A personal brand is necessary for articulating who you are and what you stand for in the eyes of your internal and external networks. You can’t “sell” yourself until you thoroughly understand that. I help women identify their communication goals, realistically assess their core competencies, and then craft a positioning statement that articulates their unique value propositions. If a female executive wants to be rewarded as a results-driven leader or as an innovative problem-solver, for example, she needs to continuously reinforce that image visually, vocally, and verbally.
In most businesses, the people with power are those who deliver incremental business to drive growth. In today’s environment, enterprise survival requires executives to be rainmakers, but many women simply are not confident in that role. I coach female clients on how to adopt a business advisor’s attitude. This means moving beyond a focus on your technical capabilities and specific service to identify a client’s broader needs and bring in the resources to help address them. This takes the relationship to a new level, building trust and fostering loyalty.
Once this mentality is established, I work with the executive to create focused business objectives and strategies for such areas as networking and negotiating to drive the actions/reactions that lead her to new-business wins.
Jane Washburn is an Ayers executive coach/consultant who has provided strategic counsel across a broad array of industries. Her background includes extensive corporate sales/marketing experience in financial and professional services.
Joe Tomaselli 
The skills that will matter most for leaders in the next few years are interpersonal competencies. Executives more often run into problems over issues relating to interpersonal effectiveness or emotional competencies rather than functional skills. Those charged with executive development need to address this area creatively to help executives achieve their full potential.
A key outcome of coaching is often a change in self-concept. We achieve this by helping clients gain deeper self-awareness and equipping them to deal effectively with the ambivalence of subordinates, unspoken rivalries of peers and superiors, and complexities of the workplace. The key is a customized comprehensive assessment, which provides a lens through which clients can clearly see strengths, weaknesses, and barriers to change. Once they better understand themselves, they can more fully realize personal capacities and achieve integrity in relationships.

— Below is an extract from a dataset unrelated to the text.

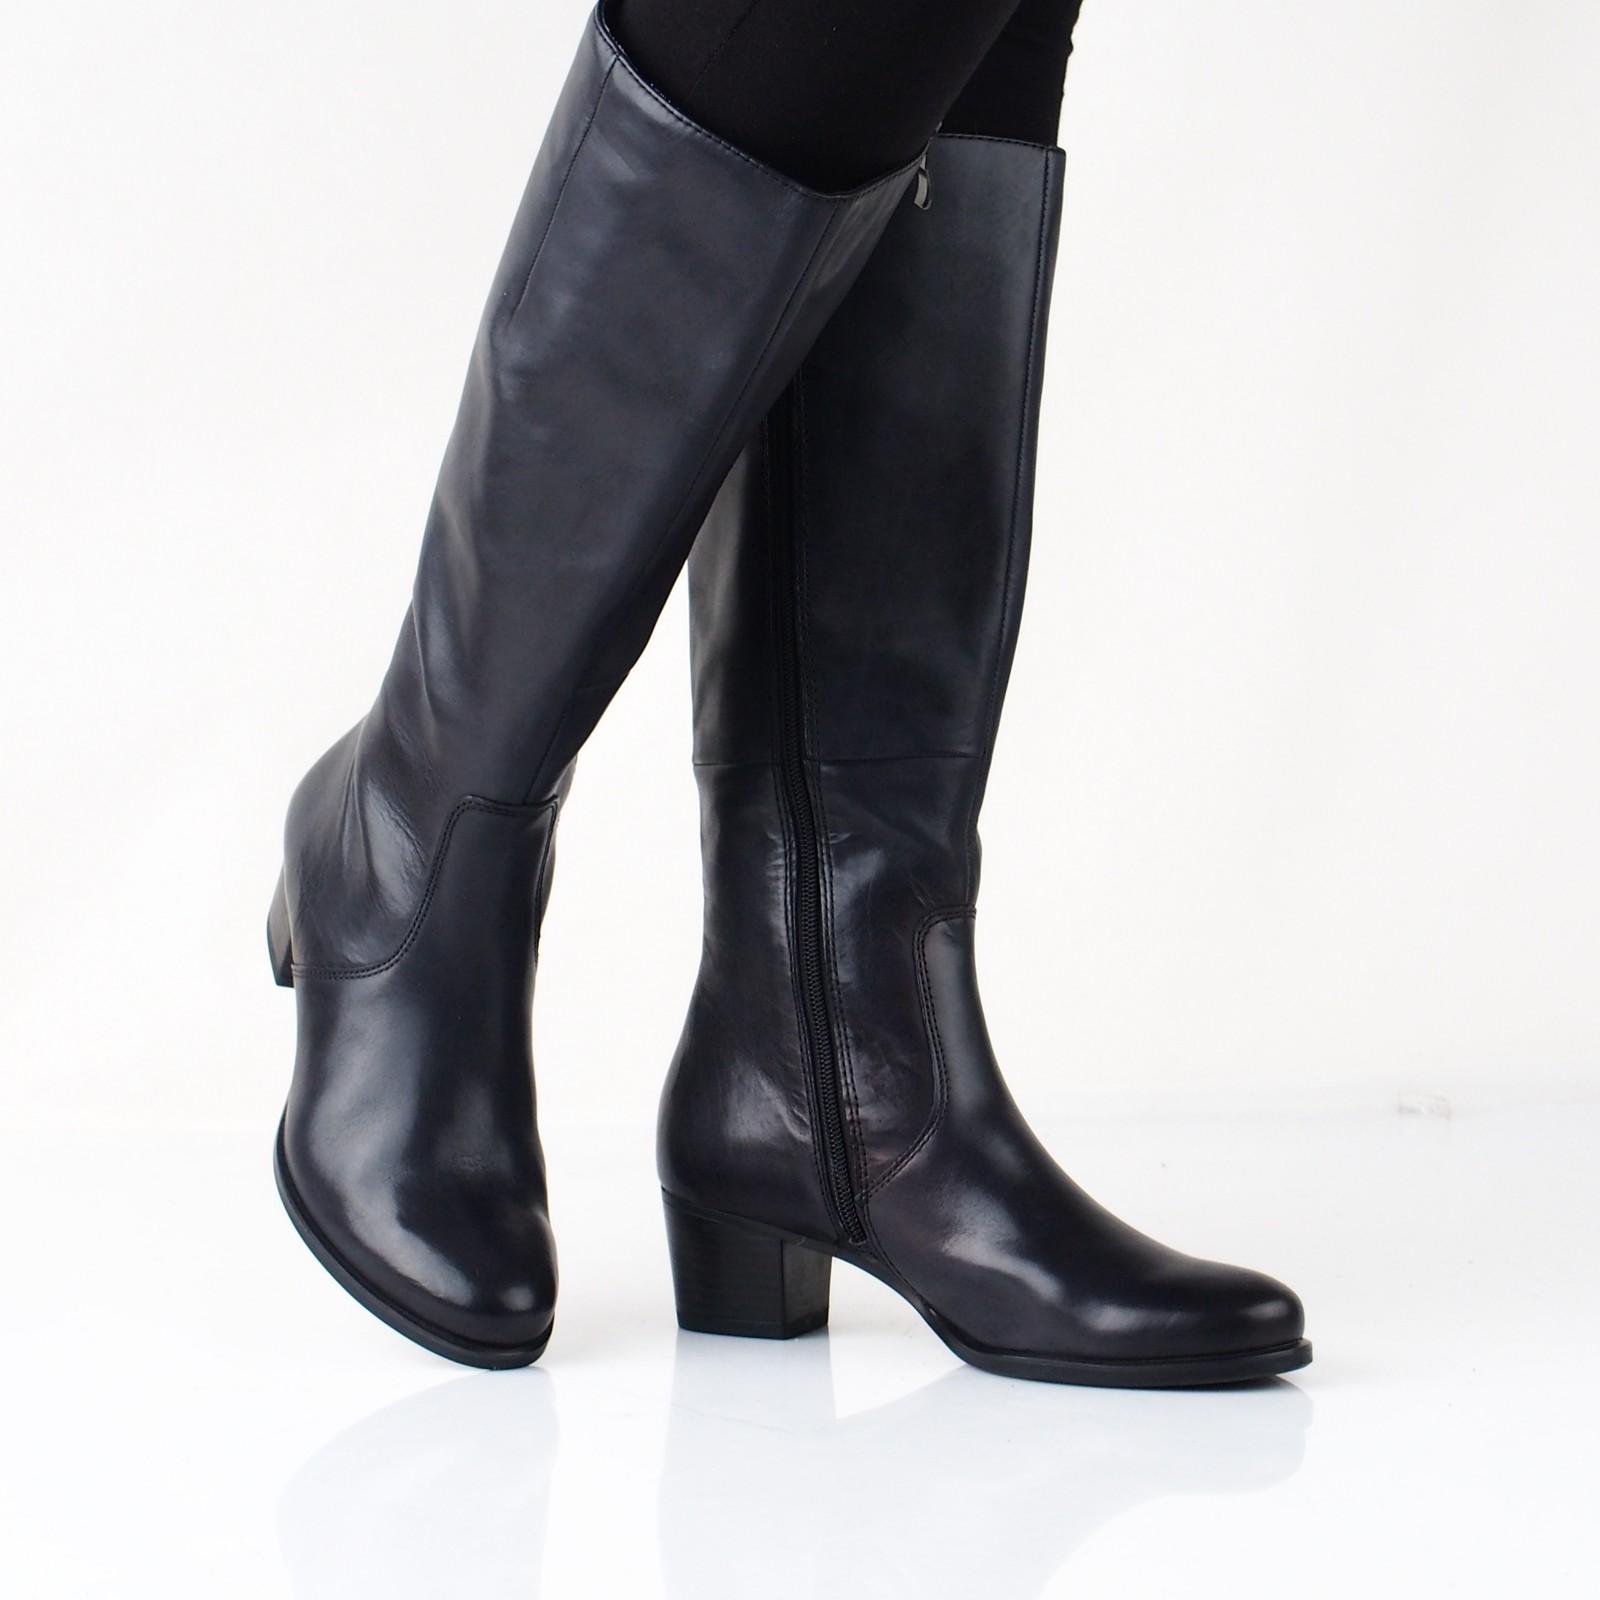 f93d0b1997 Caprice dámske kožené vysoké čižmy - čierne ...

A comprehensive assessment process integrates performance-related skills and competencies and emotional competencies, looking at how they interrelate and match up against job criteria and the company’s mission, vision, and values. The process accelerates understanding for coach and client, helping both consider the impact of styles, proclivities, and patterns in the client’s work environment and create a development plan to facilitate desired change.

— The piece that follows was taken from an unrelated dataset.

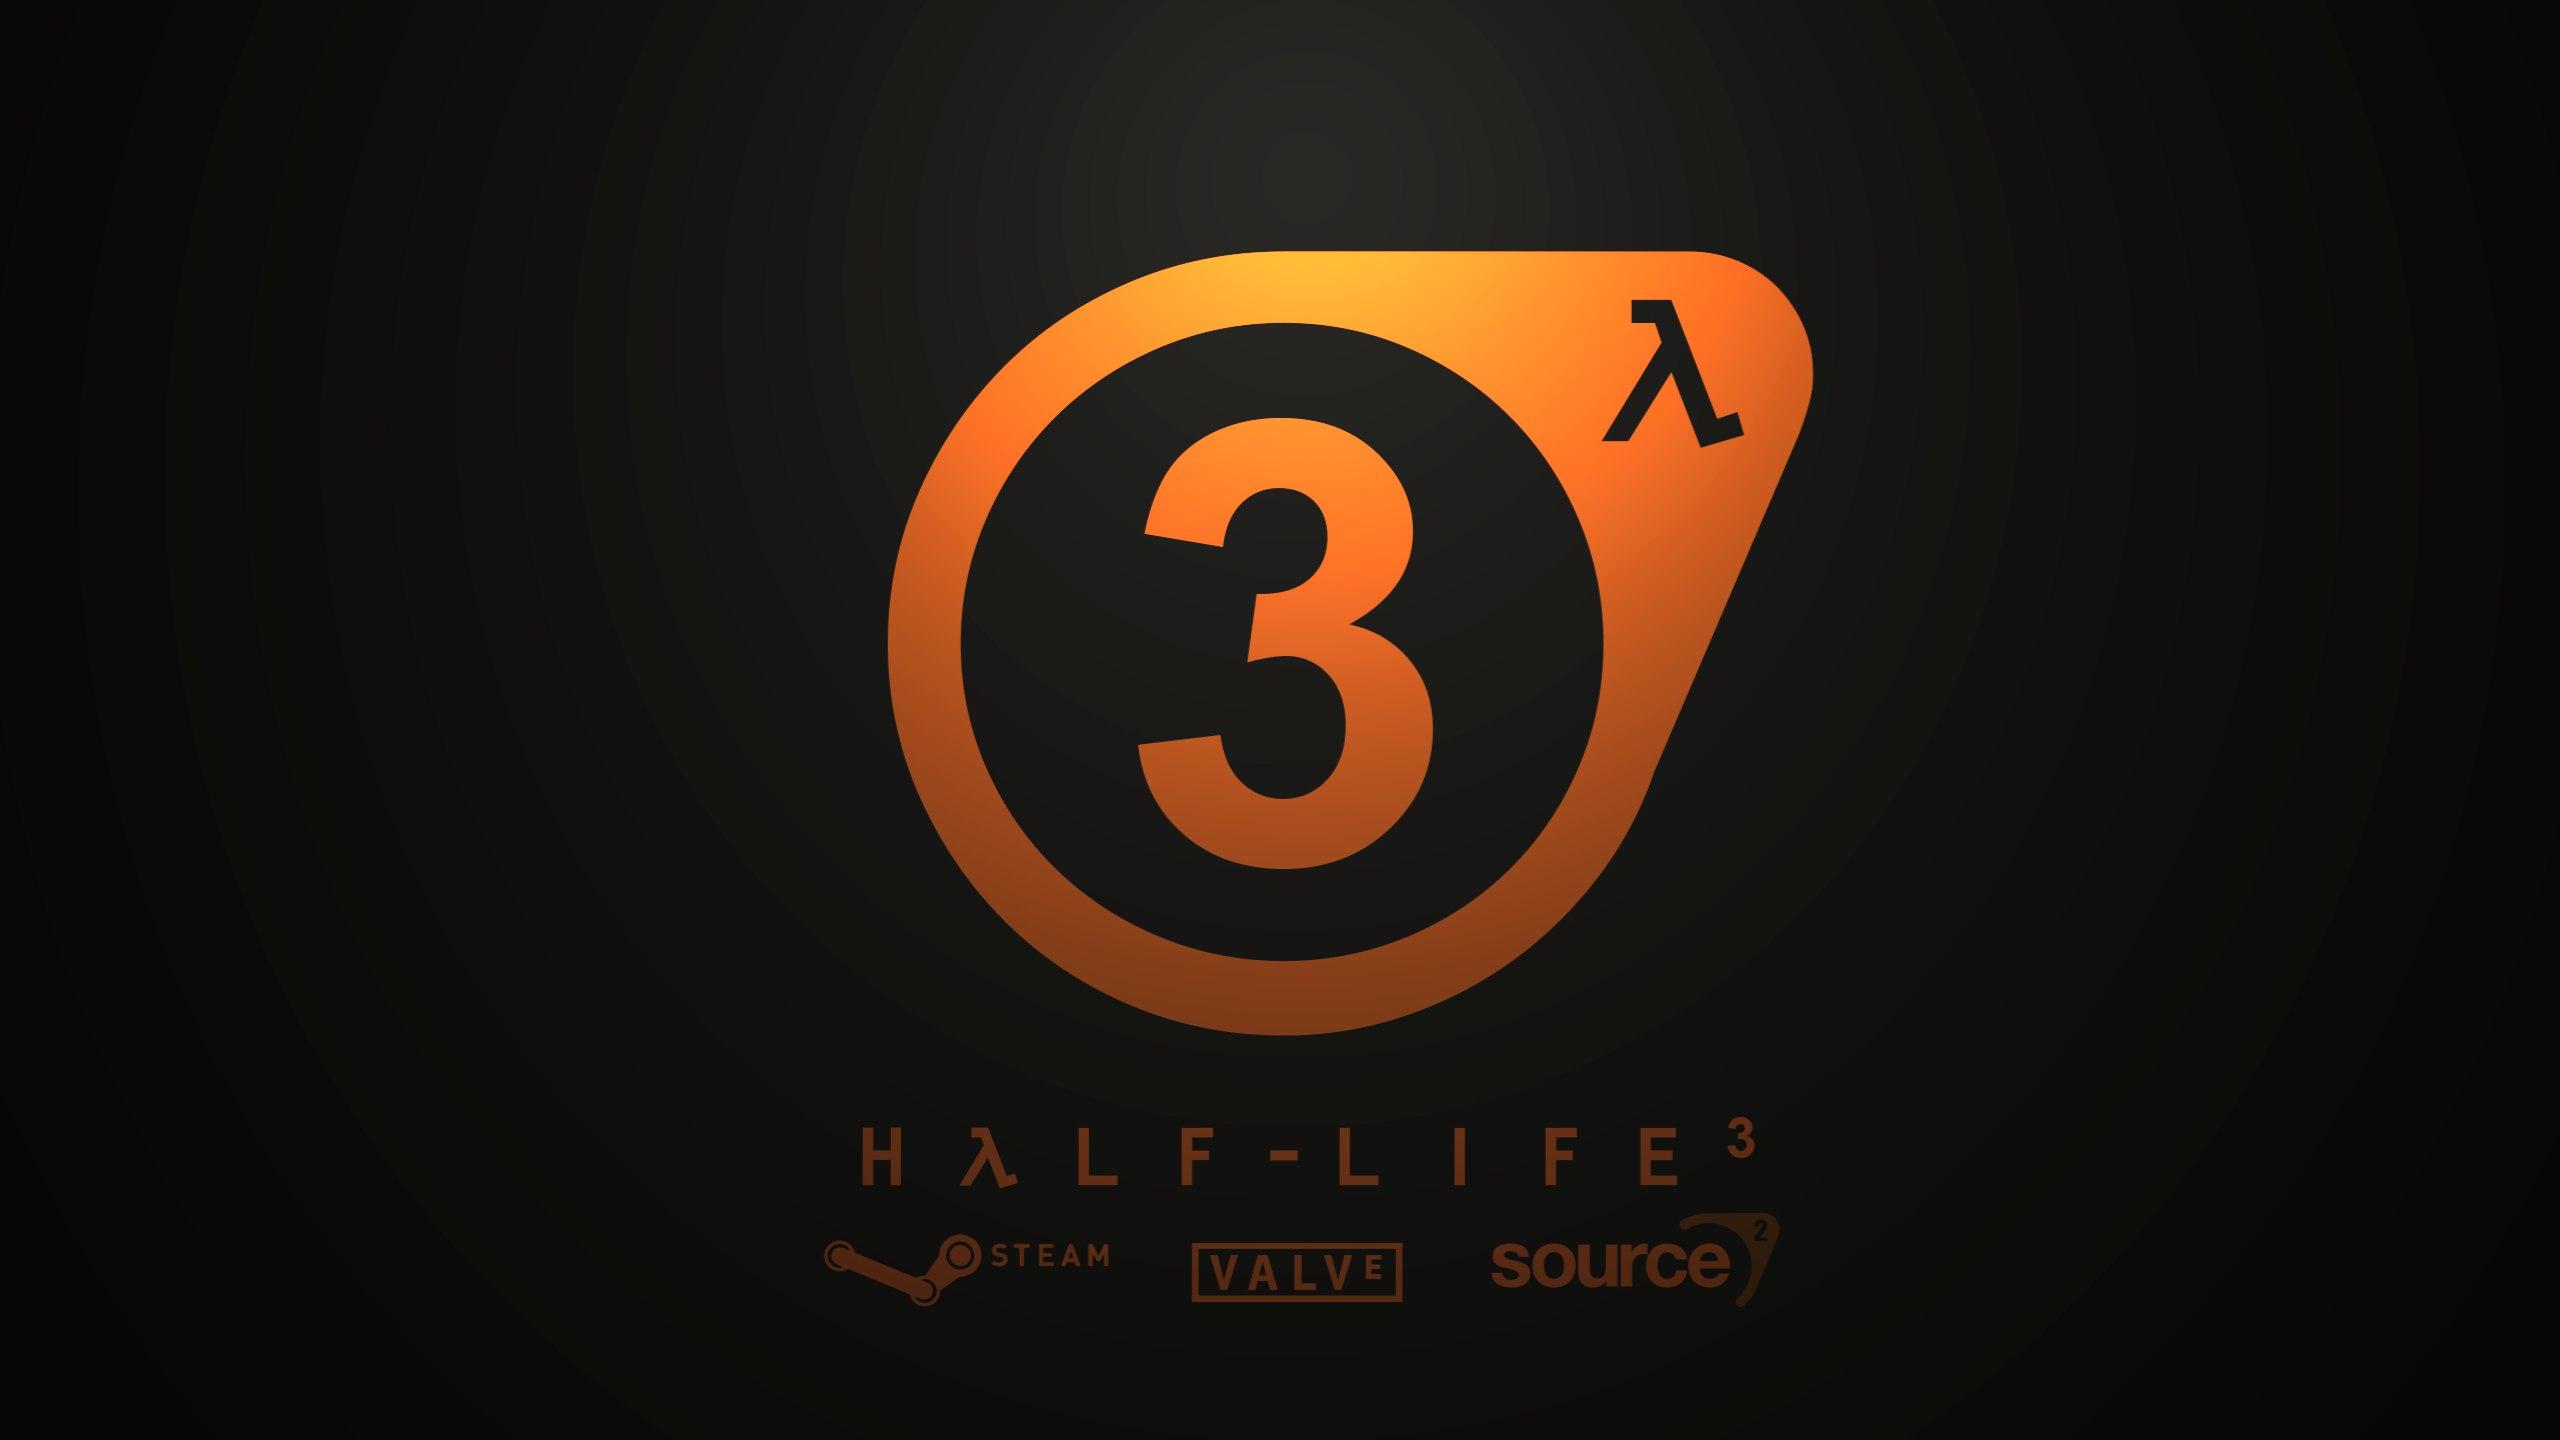 Half life 3. обои скачать

Whether the client is a high-potential being groomed for greater responsibility, a seasoned pro in need of focused support to improve skills and effectiveness in tackling business challenges, or a team seeking to enhance synergy, assessment is a powerful tool used in a safe climate with support. I’ve widened the process to include learning that reveals the client’s values, which inform attitudes and behavior. Together, we leverage values and strengths to effect desired behavioral change. When you do this with a team, deeper awareness cascades and generates power within the organization.
Once people really see themselves through the assessment lens, you have their attention. Then you can identify one or two key areas to focus on and develop a strategy and actionable plan for achieving sustainable change.

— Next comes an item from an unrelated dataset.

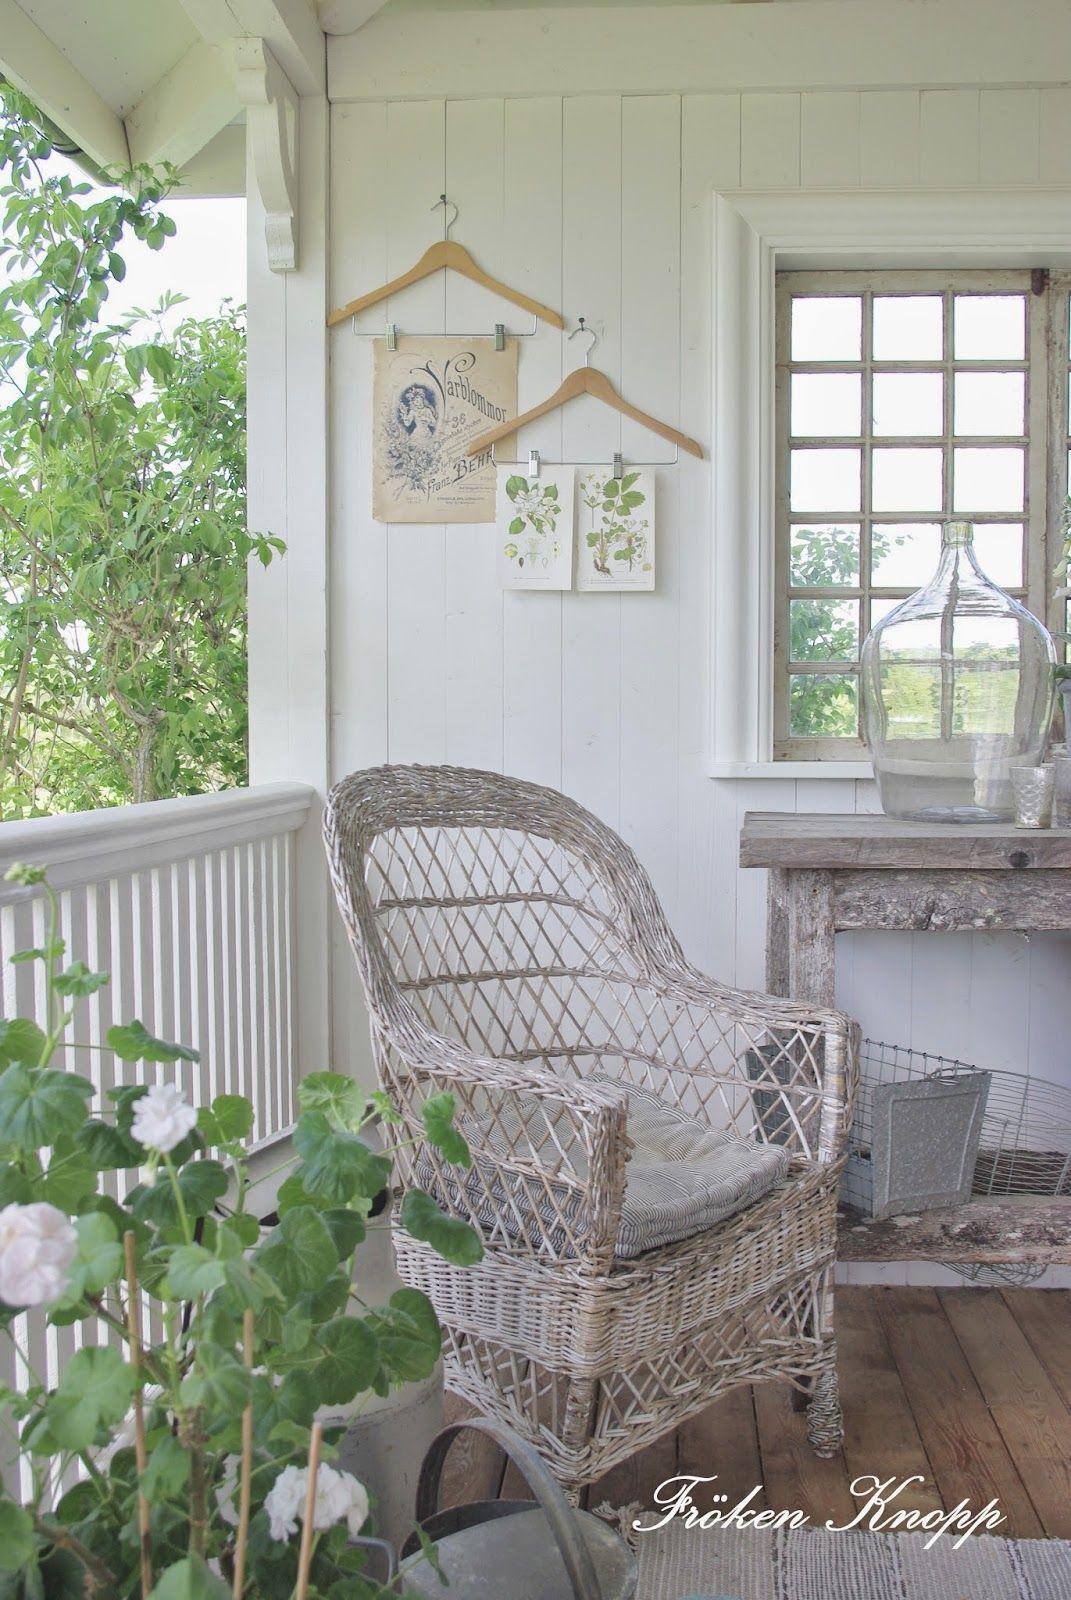 Love White Wicker Furniture Porch With

His experiences in the pharmaceutical industry and as an entrepreneur and a senior HRD/OE executive have helped make Ayers coach/consultant Joe Tomaselli an expert in facilitating transformational change in executives and organizations.
For more information about coaching services available through The Ayers Group, contact Joan Caruso, Managing Director, Organizational Effectiveness Consulting Practice, at joan.caruso@ayers.com or 212-889-7788.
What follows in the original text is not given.